Pay-for-Performance and Long-Term Care

Wednesday, June 13, 2018: 8:20 AM
1051 - First Floor (Rollins School of Public Health)

Presenter: Jun Li

Co-Author: Edward Norton

Discussant: Momotazur Rahman


Major shifts in the demographic profile of countries around the world have led to increasing strain on healthcare resources. Pay-for-performance programs have been a key intervention to drive greater efficiency in healthcare resource use through quality improvement and cost reduction. At its core, pay-for-performance programs provide financial incentives to healthcare providers to improve quality and spending outcomes. As a pioneer of pay-for-performance programs, the United States adopted various forms of pay-for-performance programs since 2000. In recent years, public and private insurers have rapidly expanded the scope of pay-for-performance beyond hospitals, physicians, and nursing homes to cover a range of healthcare sectors including clinics, home health care, and hospice. Because long-term care entails a range of services to frail individuals, both in institutions and at home, pay-for-performance in long-term care offer a unique set of opportunities and challenges.

Pay-for-performance programs often target long-term care providers directly.
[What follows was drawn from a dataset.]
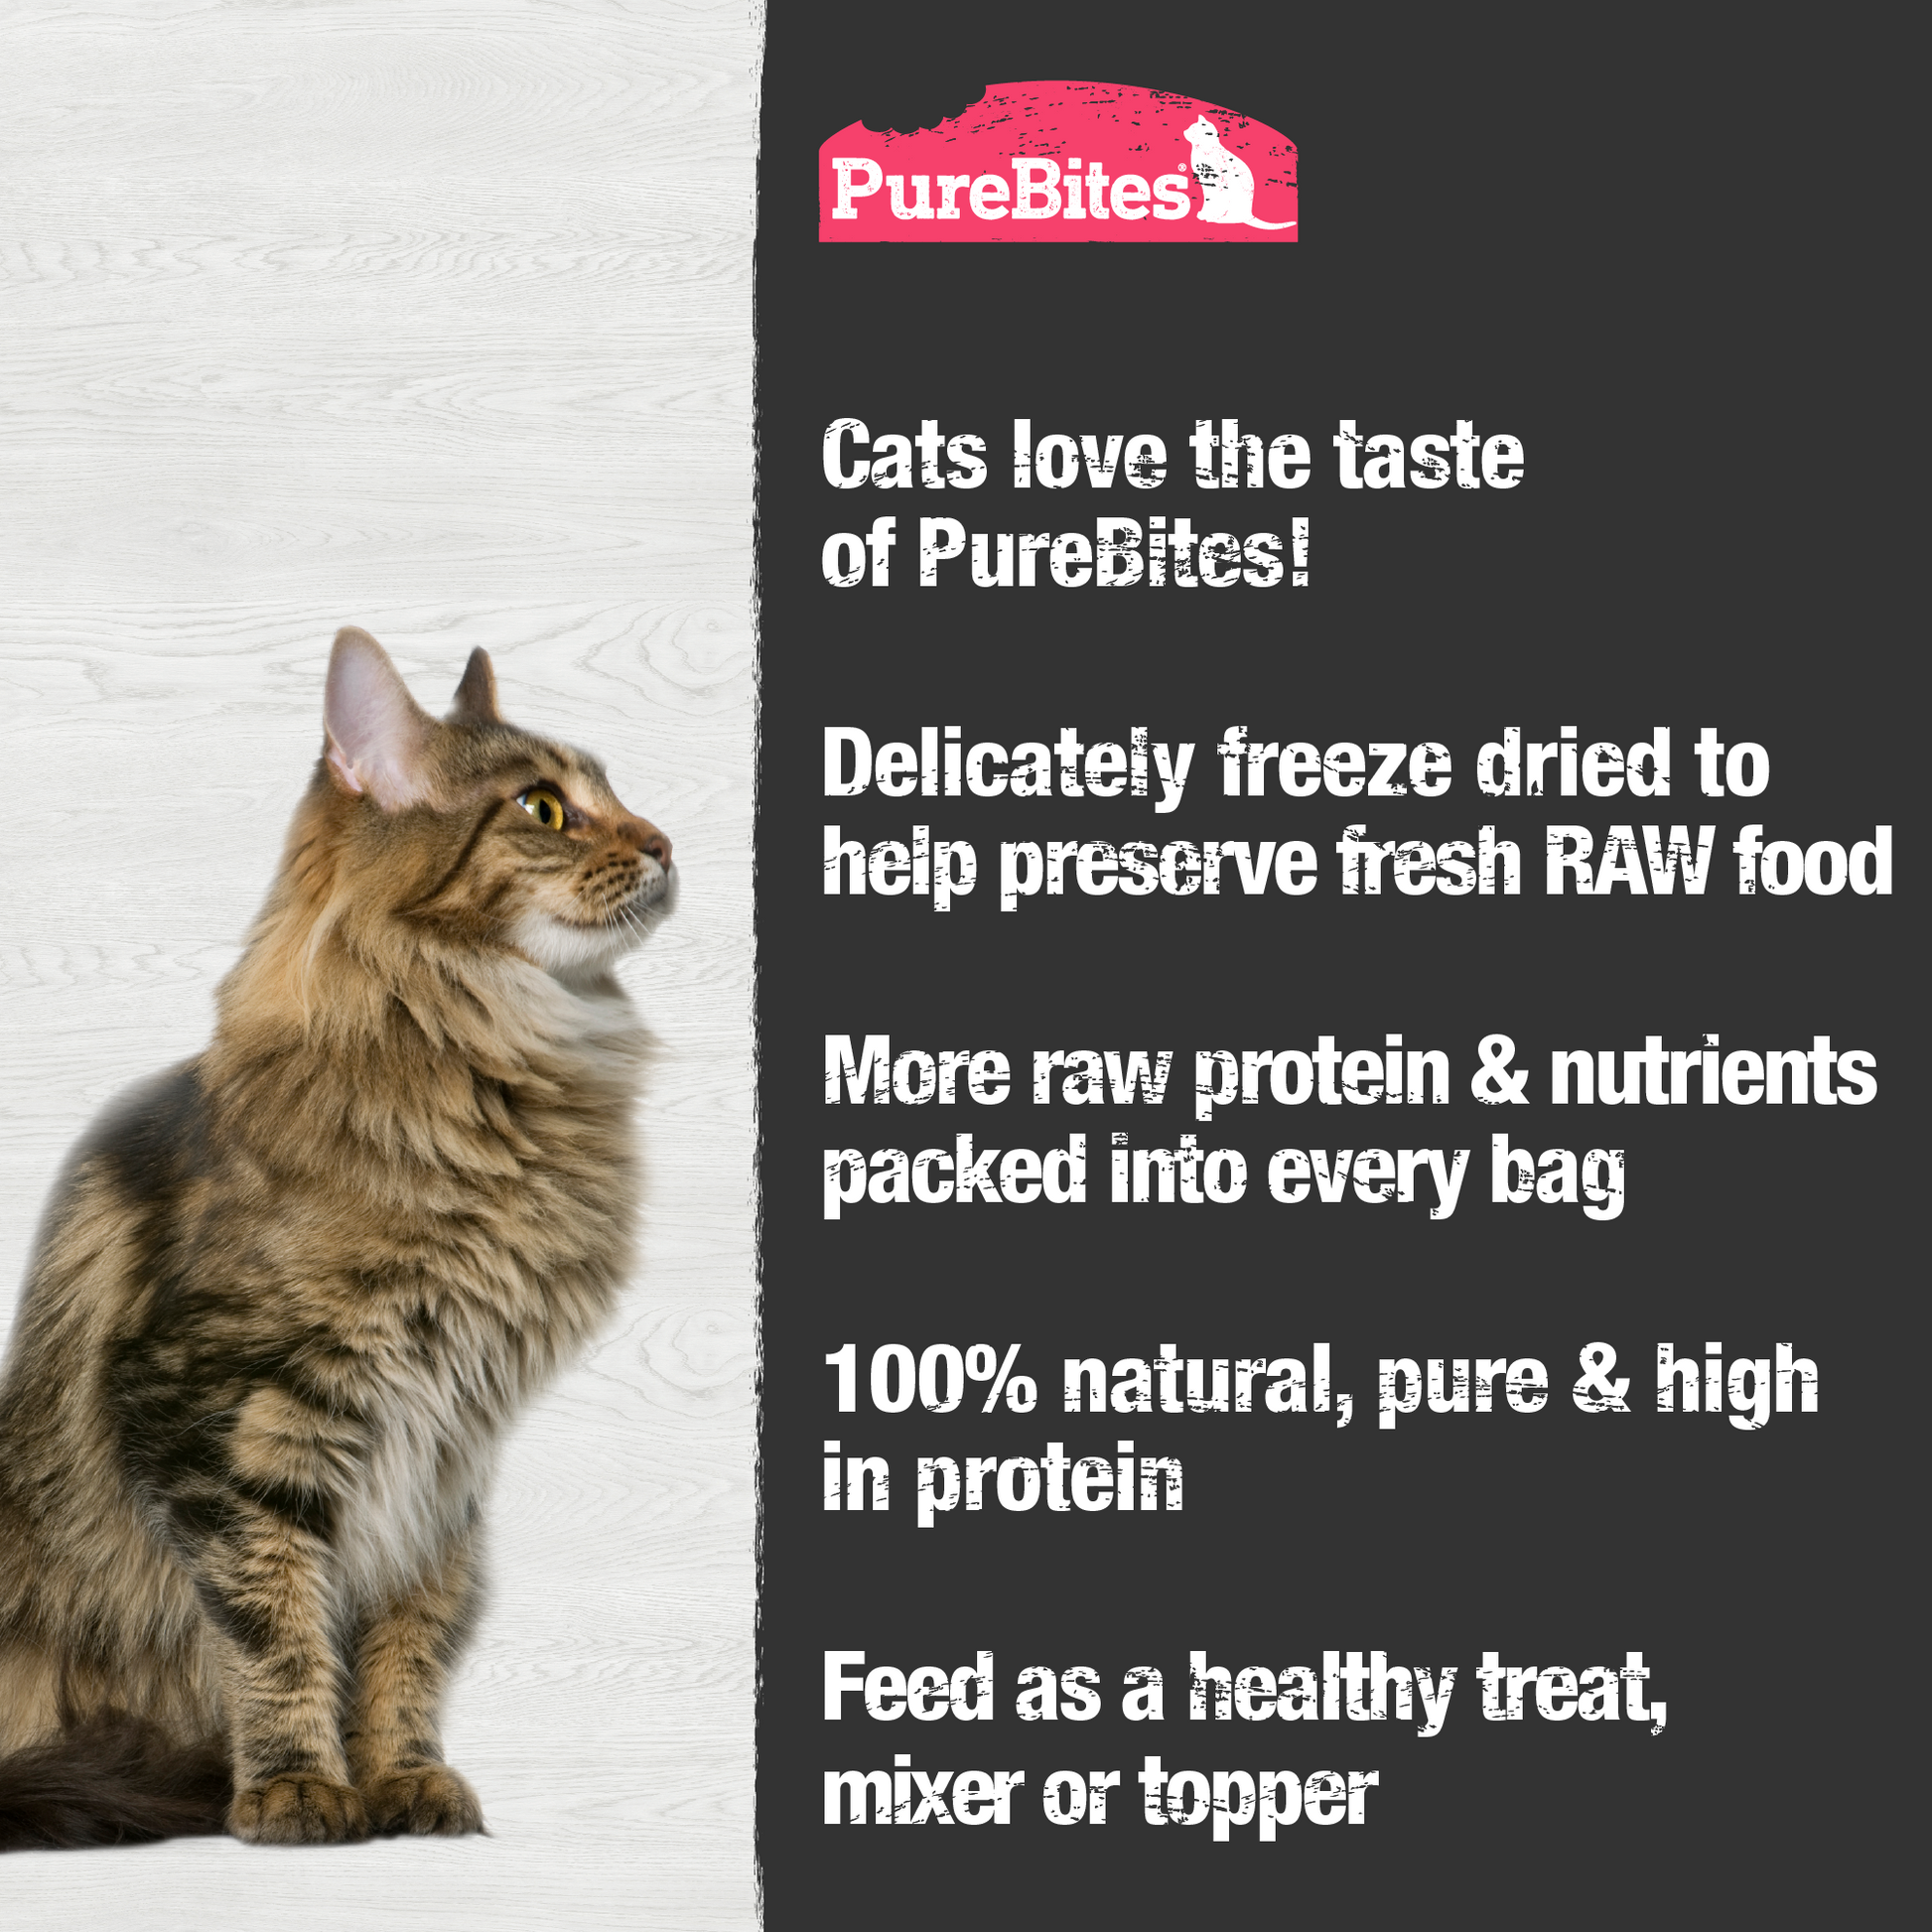 Made fresh & pure means more RAW protein and nutrients packed into every bag. Our shrimp is freeze dried to help preserve its RAW taste, and nutrition, and mirror a cat’s ancestral diet

These programs measure quality and spending in nursing homes or home health care providers, and financially reward those that do well on certain measures. A variety of these types of programs have been implemented around the world. Pay-for-performance programs that indirectly affect long-term care providers are common, and create different challenges. These indirect incentives encourage long-term care providers to collaborate with hospitals and other providers to improve quality and spending throughout the care episode.

Creating meaningful measures in pay-for-performance programs is challenging, and especially difficult in long-term care settings. Conceptually, there are several factors that must be in place for pay-for-performance programs to achieve its aims. When directly targeting long-term care, incentives in pay-for-performance programs should focus on performance measures that are measurable with low noise-to-signal ratios and are meaningful to supply and demand. Further, there must be meaningful variation in performance among long-term care providers related to differential investment in improvement. As performance improves over time, pay-for-performance programs may need to retire or update measures. Additionally, incentives within the programs must be commensurate with the intended response, such that demand find it worthwhile to use the performance information and the supply worthwhile to invest in improvement. Finally, it is important from a welfare perspective for pay-for-performance programs to minimize unintended consequences, such as patient selection or teaching-to-the test.

To date, the empirical evidence on the effectiveness of pay-for-performance programs in long-term care has found mixed results. A common concern of nursing home pay-for-performance has been that incentives have been too small to elicit responses. Across dimensions of quality, meaningful long-term care health outcomes may be particularly difficult to identify. Because long-term care recipients are likely to increase in numbers in the foreseeable future and because of the rapid expansion of pay-for-performance across nations around the world, it is important to continuously revisit how pay-for-performance affects long-term care.